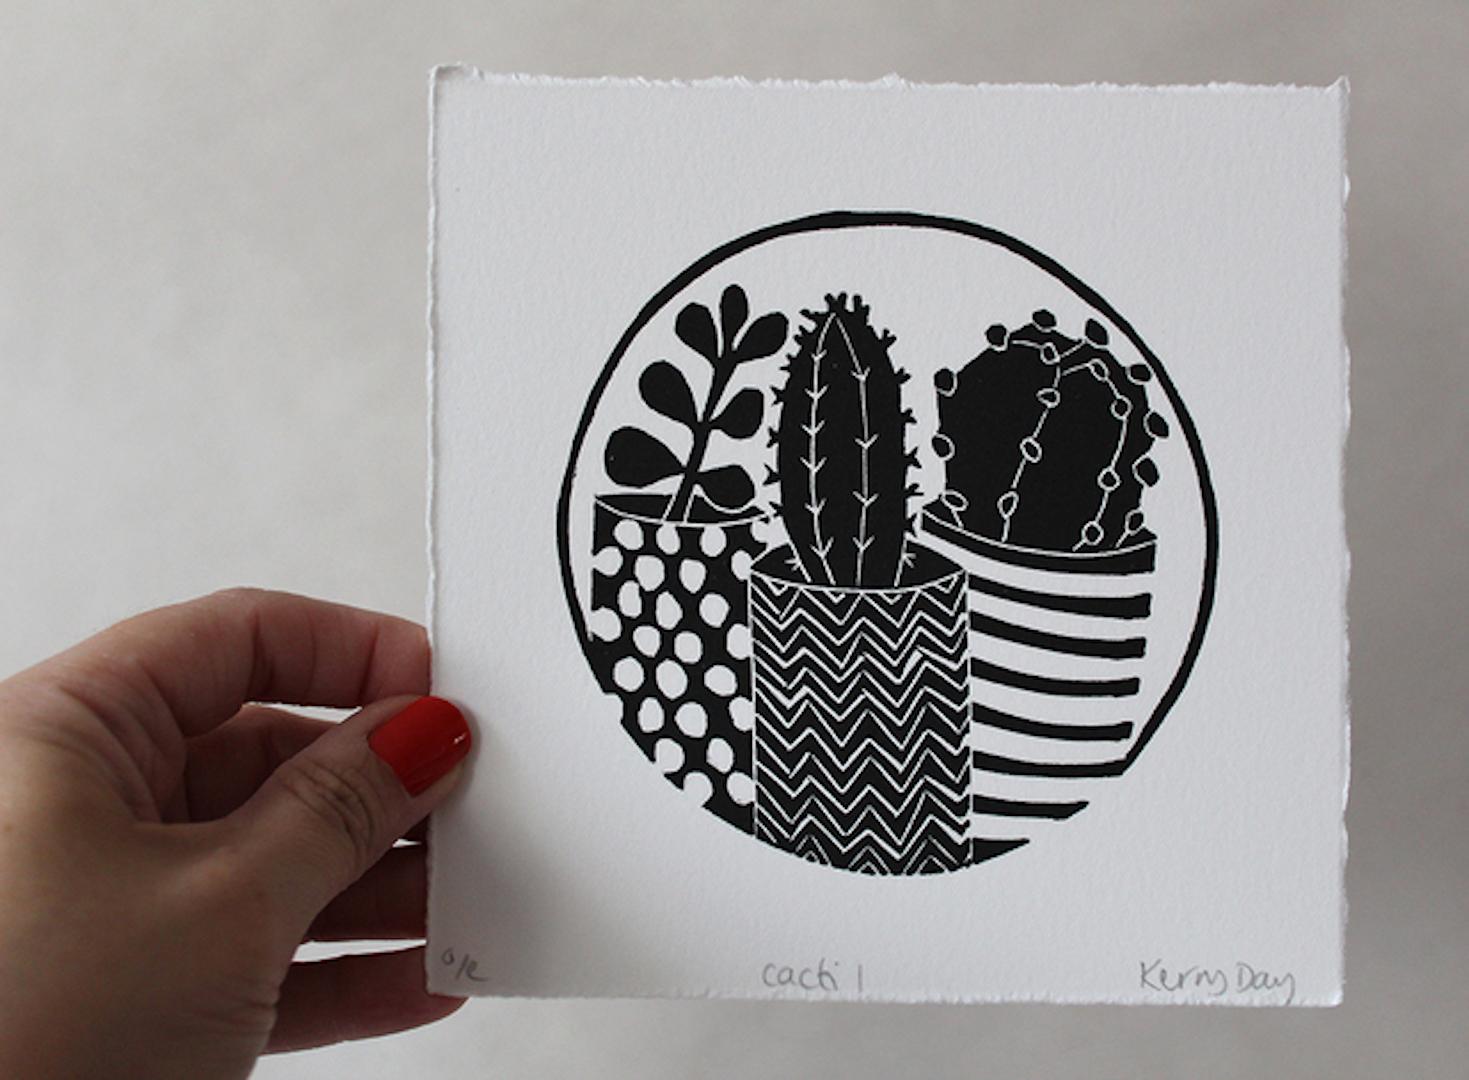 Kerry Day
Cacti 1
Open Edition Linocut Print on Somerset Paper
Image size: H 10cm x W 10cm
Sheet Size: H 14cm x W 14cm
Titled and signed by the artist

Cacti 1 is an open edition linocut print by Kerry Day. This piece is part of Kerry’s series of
--
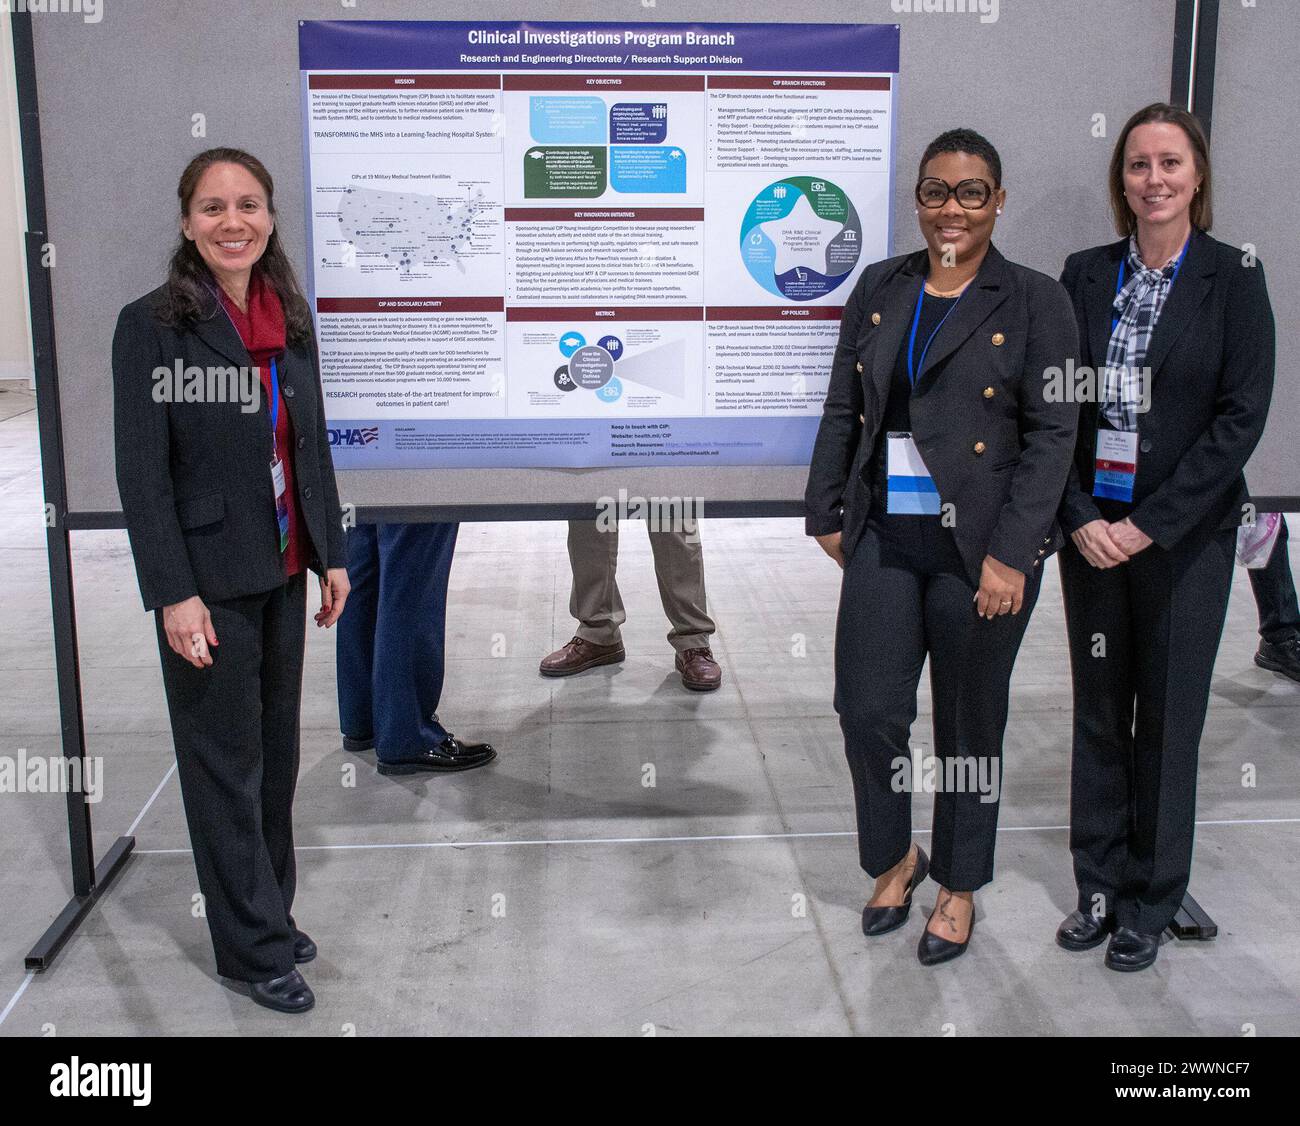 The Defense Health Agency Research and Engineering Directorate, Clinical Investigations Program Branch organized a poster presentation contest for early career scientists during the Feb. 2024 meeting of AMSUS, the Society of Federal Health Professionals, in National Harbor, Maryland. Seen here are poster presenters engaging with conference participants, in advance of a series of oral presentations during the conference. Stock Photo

▶ [Directions]: Return only the number of lines in the preceding records that contain the string "Cacti".

▶ [Answer to this problem]: 2